Beauty certainly does not guarantee success. Many beautiful men grind at Starbucks. But when rich, talented men take their lovers to Starbucks their eyes, too, dance for the barista and their men are relegated to the second tier, even if momentarily. And what else is there besides being desired by all 100% of the time? Yes, there is talent, there is wealth, there is beauty. And of these three beauty is the greatest.
I had come to a definitive fork in the road and, as I saw it, three paths lay before me. I could give up entirely and no longer assume I was the greatest thing to ever walk the face of the earth. I could become grossly self-deprecating. I could become beautiful. I decided to become beautiful. And that meant I had to become a male model. I would be beautiful because I was a model, not necessarily a model because I was beautiful but this difference would be purely academic.
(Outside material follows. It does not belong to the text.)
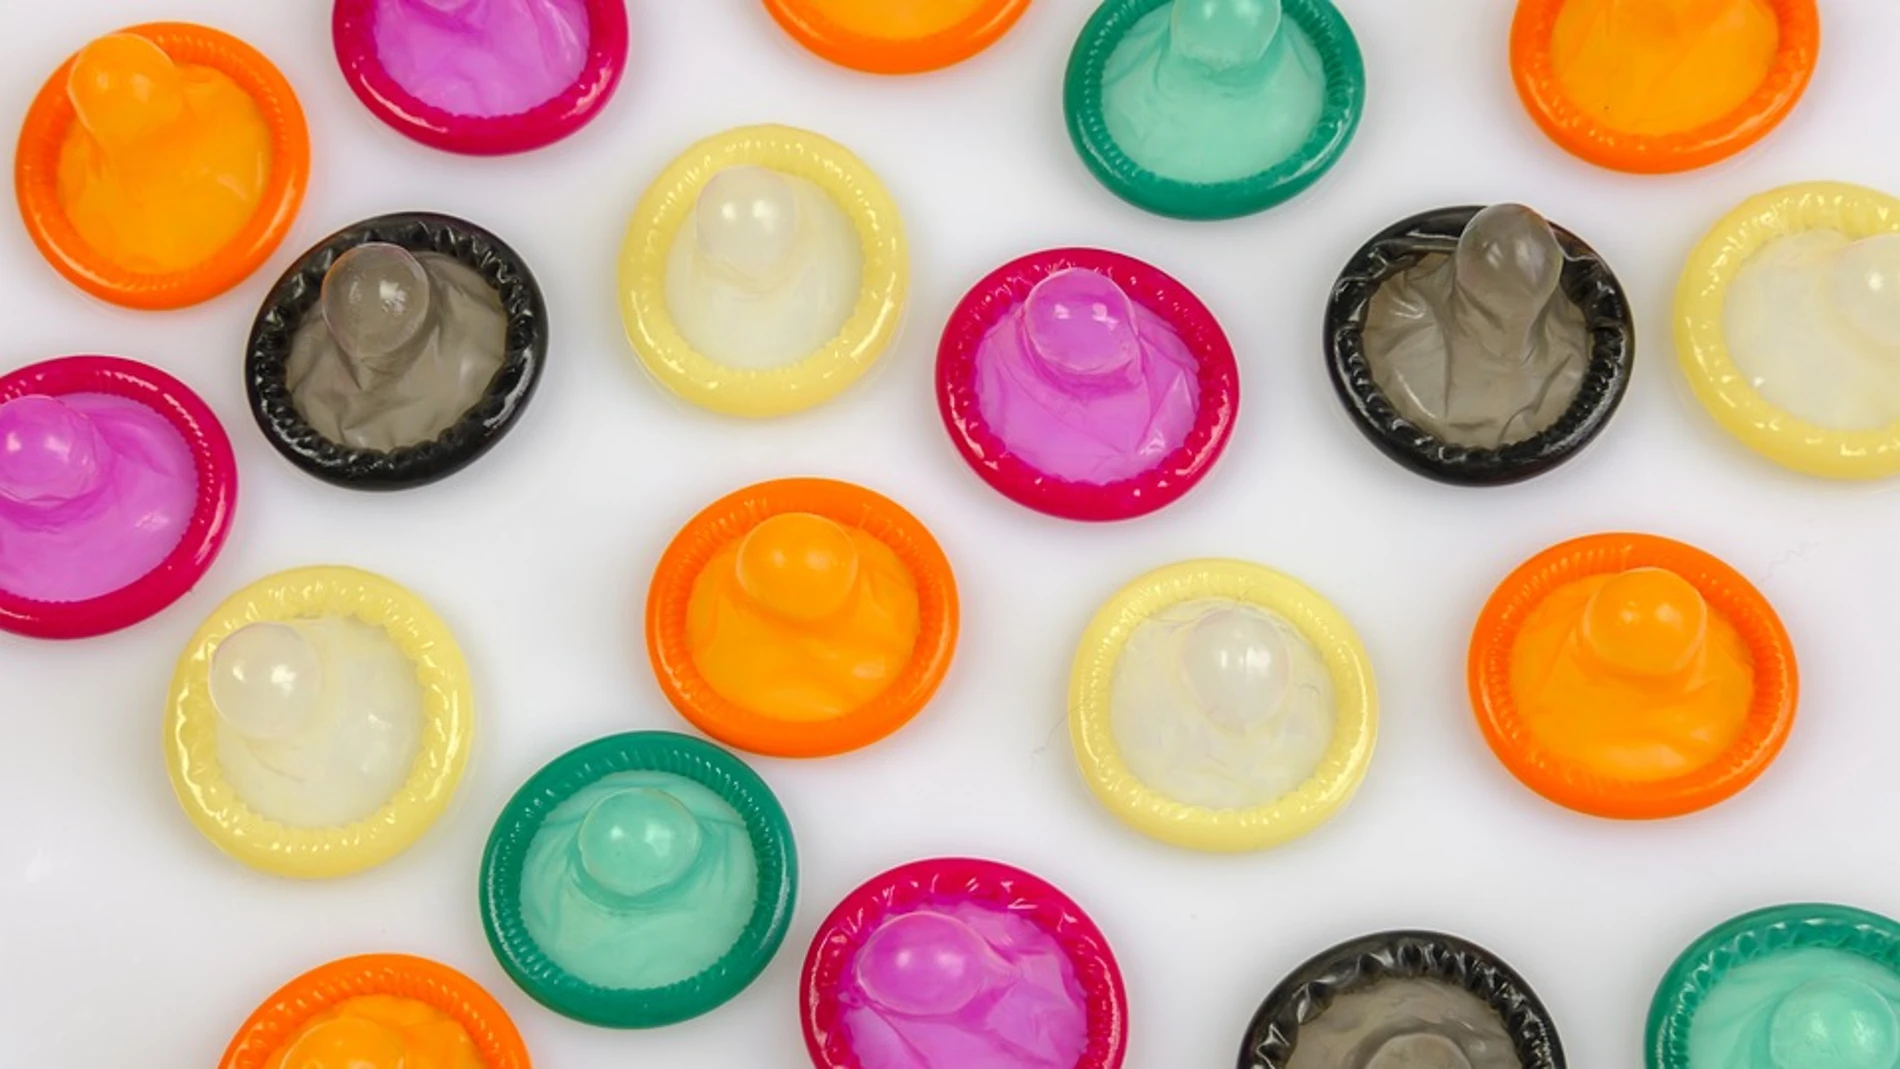 "No salgas sin condones": la campaña que advierte a los jóvenes sobre el VIH y otras infecciones de transmisión sexual

As arrogant as I am, I am fully aware that I am not classic male model material. I was born skinny, not thin, not trim. I was born with eye the color of a dirty swimming pool on a cloudy day. I was born not classic. Still, I am tall, I have hair, and I possess and unshakable belief that all things are possible to him that believeth. I sometimes even feel all my “shortcomings” might, if honed, if bent just right, if captured by Terry Richardson himself, might make me a very beautiful man. I sometimes feel I am the Big Bang. A cataclysmic, once in history event of dirty eyed, crooked nosed, tall tall awesome.
But how to become a male model? One very hot summer’s day, I walked from Manhattan’s Meatpacking District toward the downtown Ritz-Carlton. I was going to meet the owner of one of the most respected male model agencies. I was going to get famous.
The Ritz-Carlton doorman eyed me as I drifted past him into the cool of hackneyed decadence and the agent owner was waiting for me at the bar. He had a kind but business-first face and he looked over at me and I launched into my pitch.
“So, here it is. My lover thought that Gavin Newsom was too handsome and it upset me greatly and I’ve been thinking about male beauty and its relation to power ever since and I have decided that…”
He finished my thought. “That you want to become a male model and that you want me to represent you.”
“Yes” I answered. “I want to be famously beautiful. I want to discover, first hand, if there is really power in beauty. And I want to spite my lover for the Newsom incident and also the newer Armie Hammer incidents.”
He looked at me some more, this time carefully, and asked how tall I was. I replied I was 6’4″. He said that I was too tall. I was taken aback. Isn’t height the very building block of male beauty? He told me that 6’2″ is ideal and I said,
“Yes, I am 6’2.”
He said,
“No. You are 6’4.”
And kept looking carefully. Thankfully, he continued. “6’2” and a 31 inch waist.”
My waist was 31 inches! Usually! And I told him so.
He looked down and said, “You know, male models are winners of the genetic lottery. That’s it. And, don’t get me wrong, you are a good looking guy but…” I kept staring at him and kept a straight face but burned inside and thought, “I’m the Big Bang, motherfucker. I’ll show you and all your beauty industry cohorts that beauty can be willed!” Sensing my passion, or wanting me to leave, he cracked. “OK I’ll do it. I’ll help you.” I don’t know why he decided. Maybe he just wanted to send an “unusual taste” down the mineshaft. That is what he called me, an unusual taste, when I asked if I should get a nose job. “No no no no. No need. You have tattoos and a certain, whatever. Look. You will already be an unusual taste…” He then told me I had to gain 15 pounds of muscle, while studying my arms, and get my teeth whitened.
We parted ways and I was fifteen pounds of muscle, and a trip to the dentist, away from the start of an adventure.